- [Dataset records]:
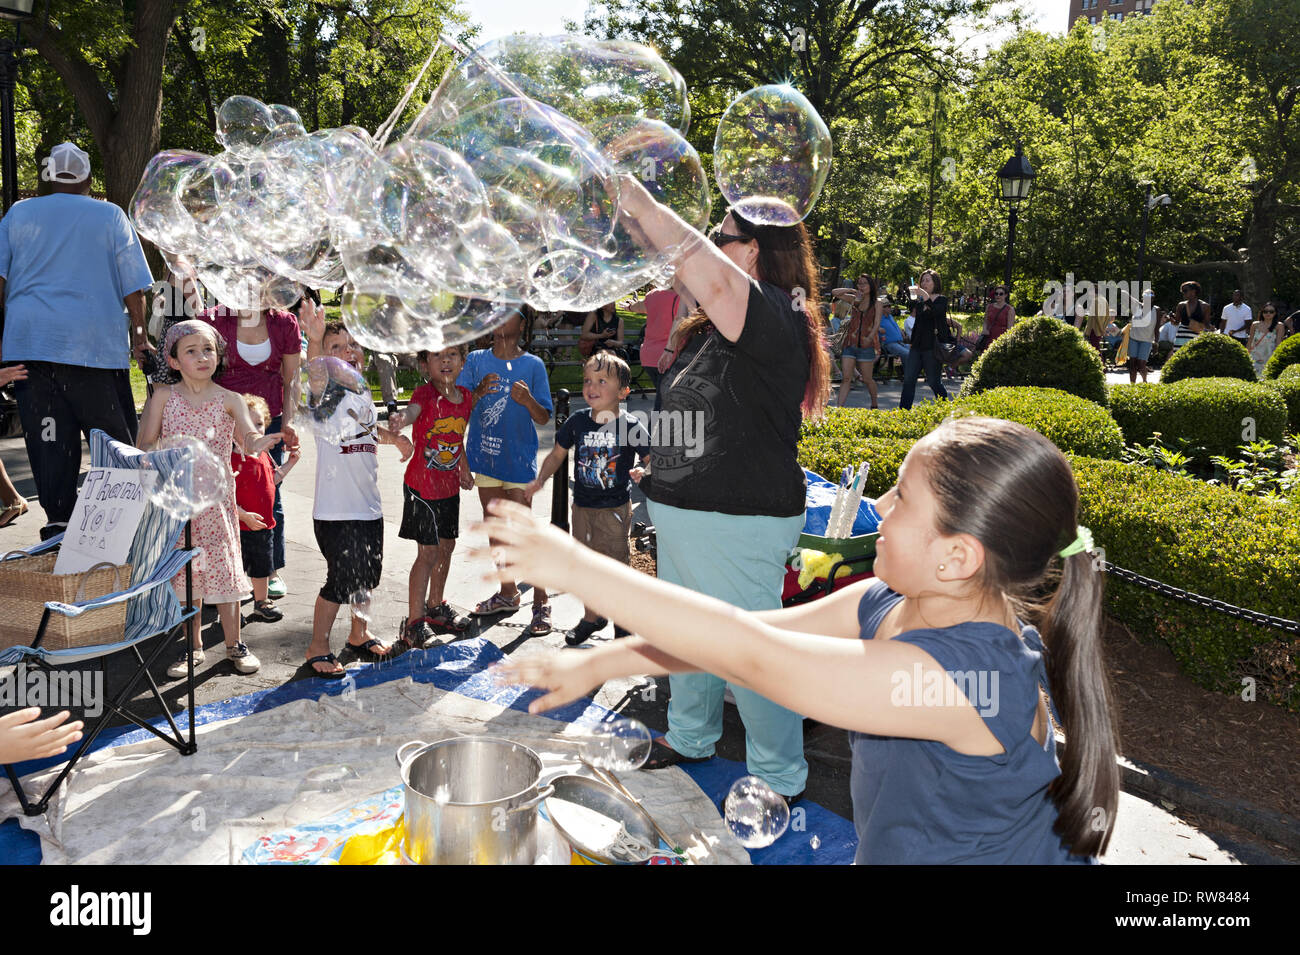 Les enfants heureux et ravis par les grandes bulles dans Washington Square Park à New York, 20014. Banque D'Images
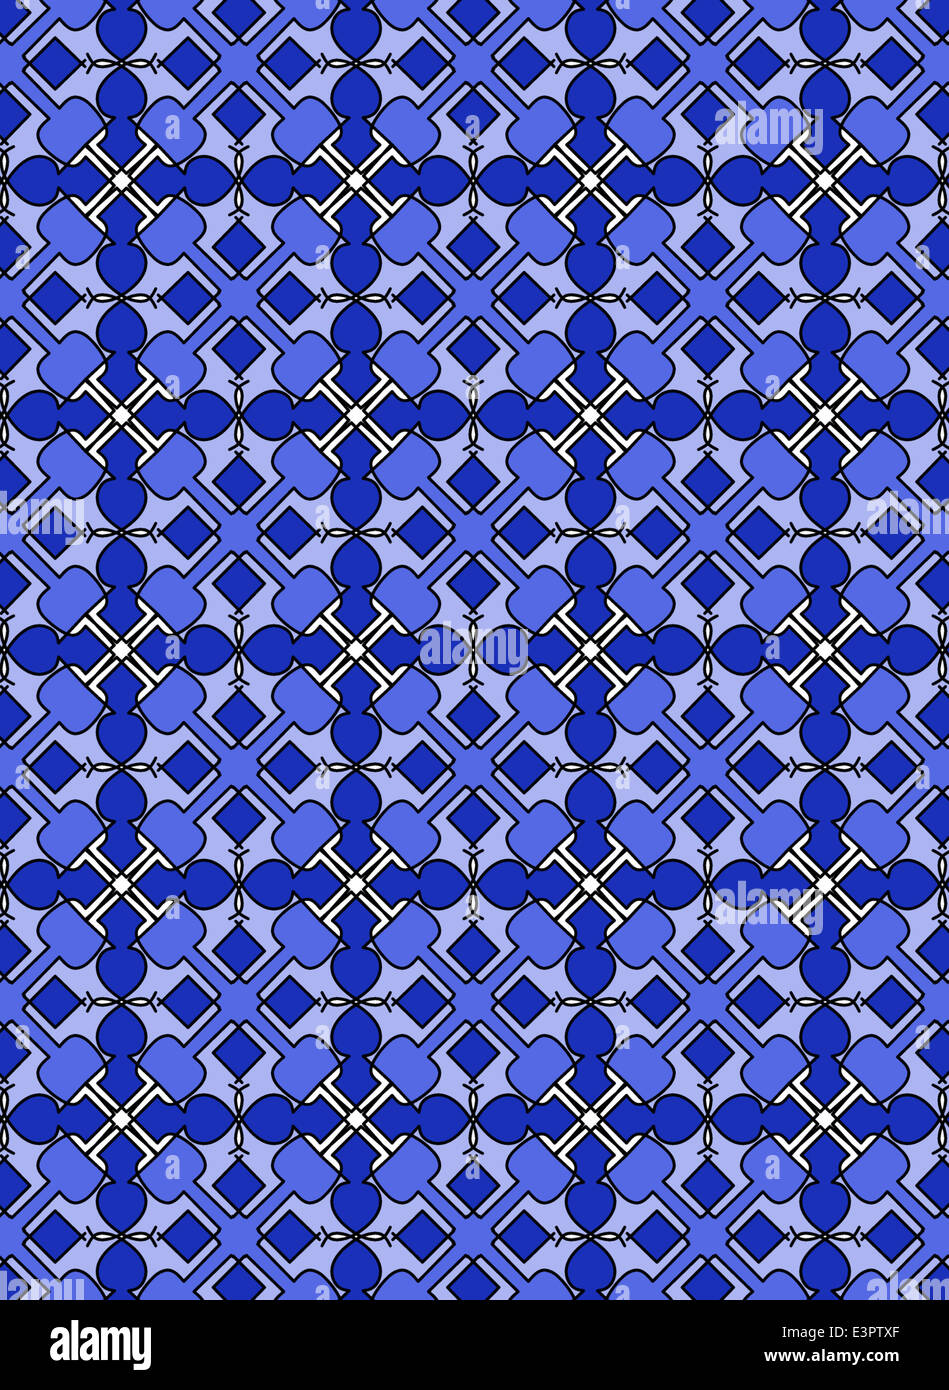 Illustration du papier peint à motifs symétriques Banque D'Images
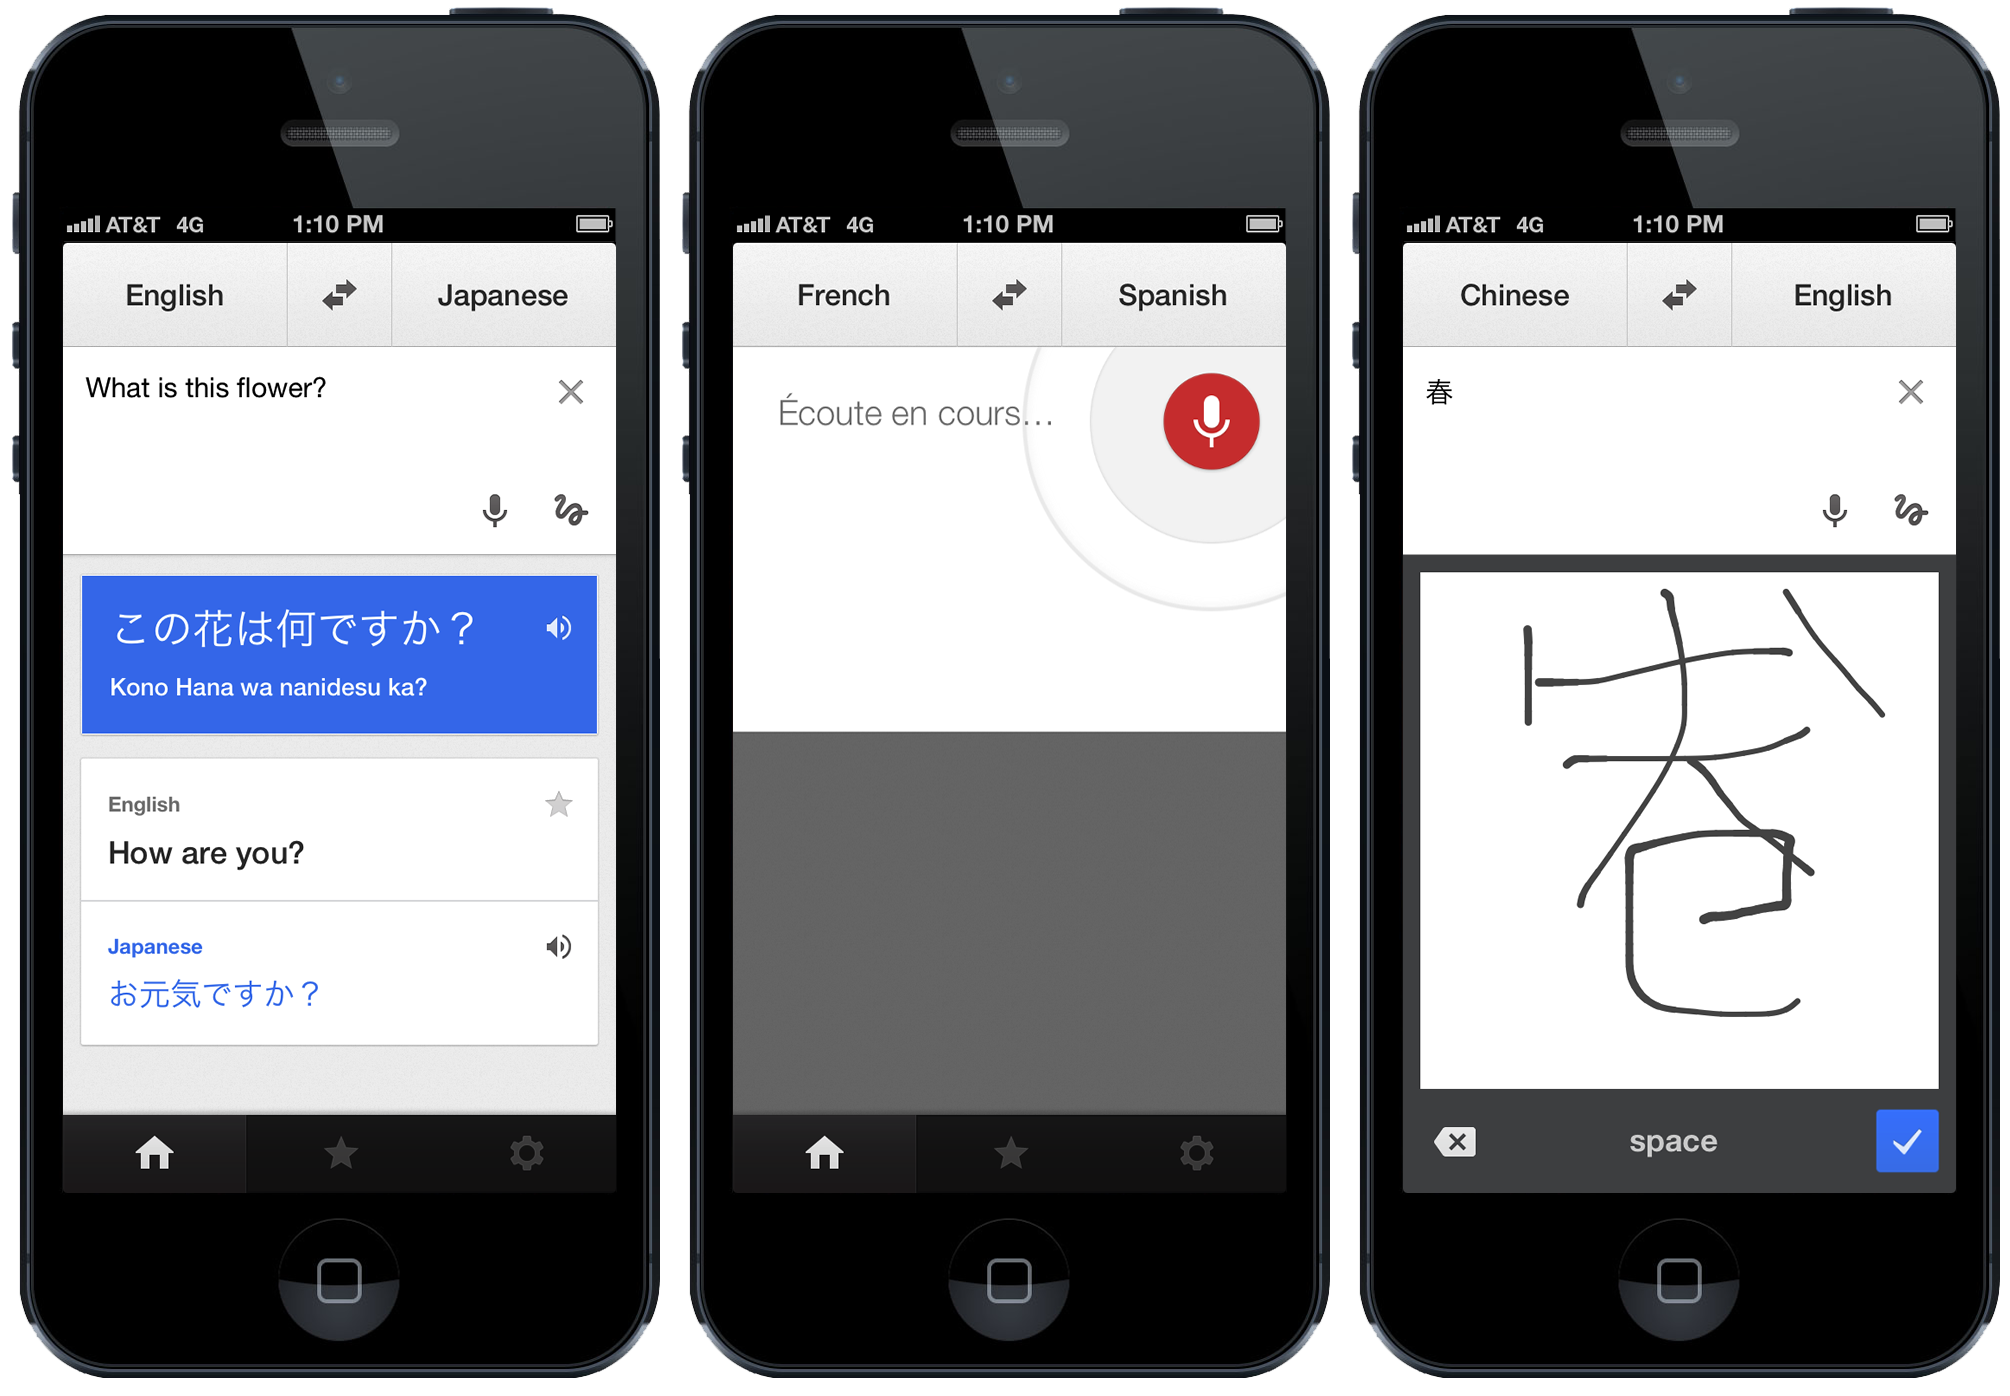 "جوجل" تدعم الكتابة باليد في نسخة تطبيق جوجل للترجمة على "iOS"
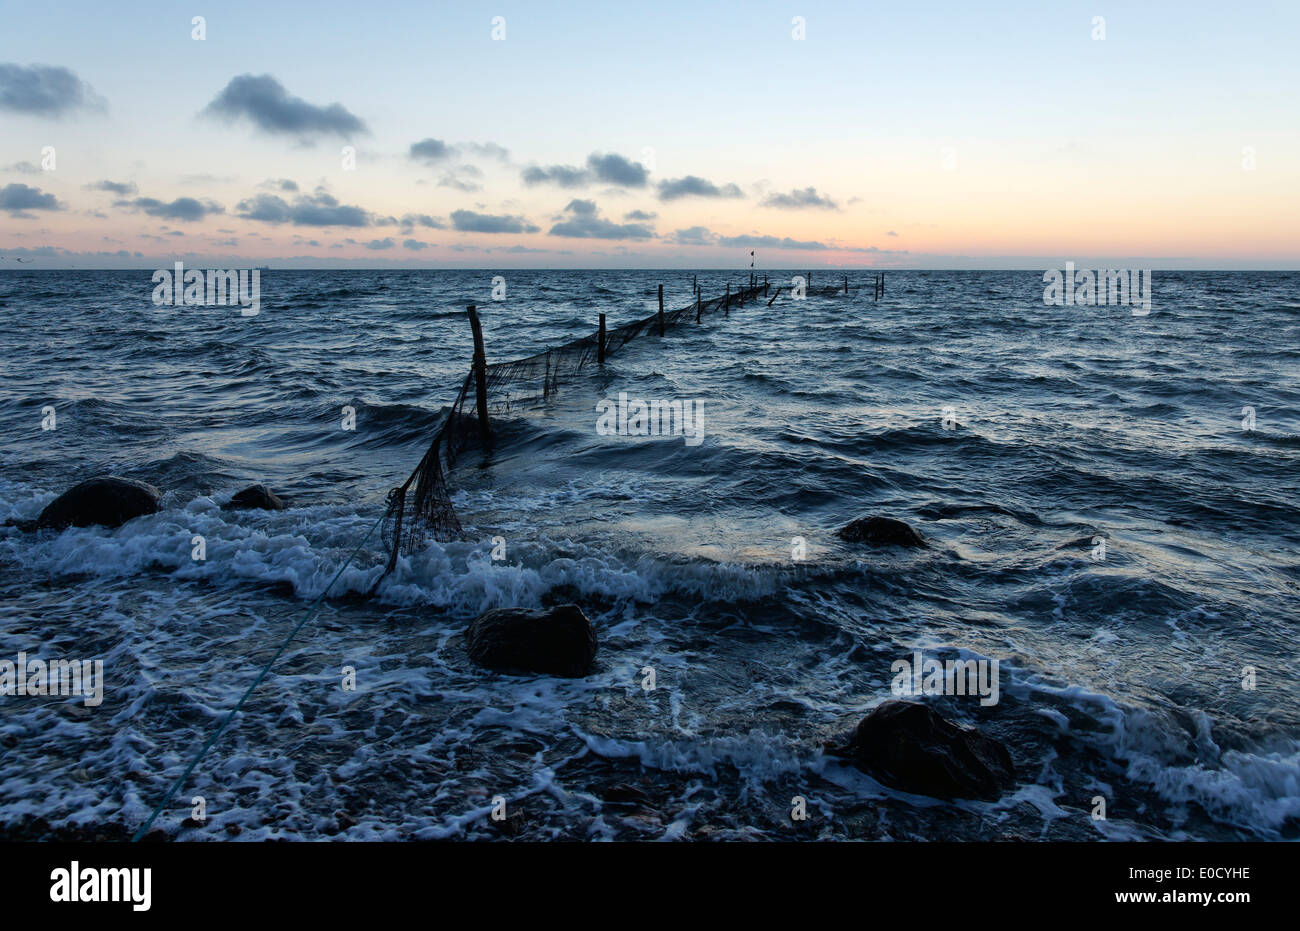 Vue sur la mer Baltique, ii, l'île de Langeland, Danemark, Europe Banque D'Images
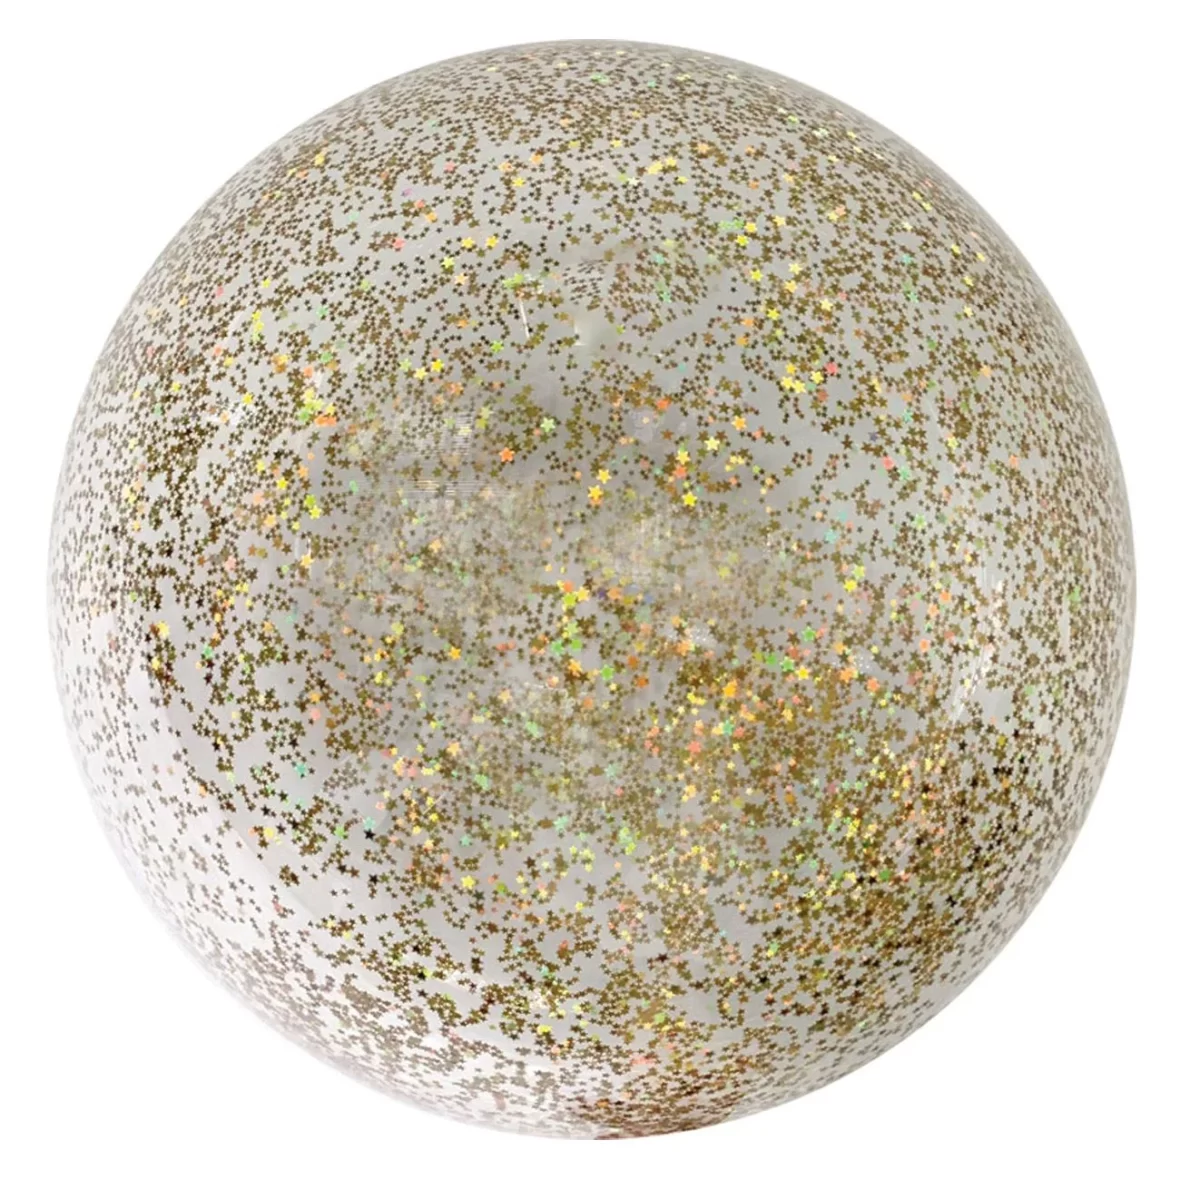 Balon bobo cu confetii stelute aurii, 45 cm

- [Your task]: Return the entries unchanged, save for the pictures, which do not belong in the copy.

- [Task response]:
 Les enfants heureux et ravis par les grandes bulles dans Washington Square Park à New York, 20014. Banque D'Images
 Illustration du papier peint à motifs symétriques Banque D'Images
 "جوجل" تدعم الكتابة باليد في نسخة تطبيق جوجل للترجمة على "iOS"
 Vue sur la mer Baltique, ii, l'île de Langeland, Danemark, Europe Banque D'Images
 Balon bobo cu confetii stelute aurii, 45 cm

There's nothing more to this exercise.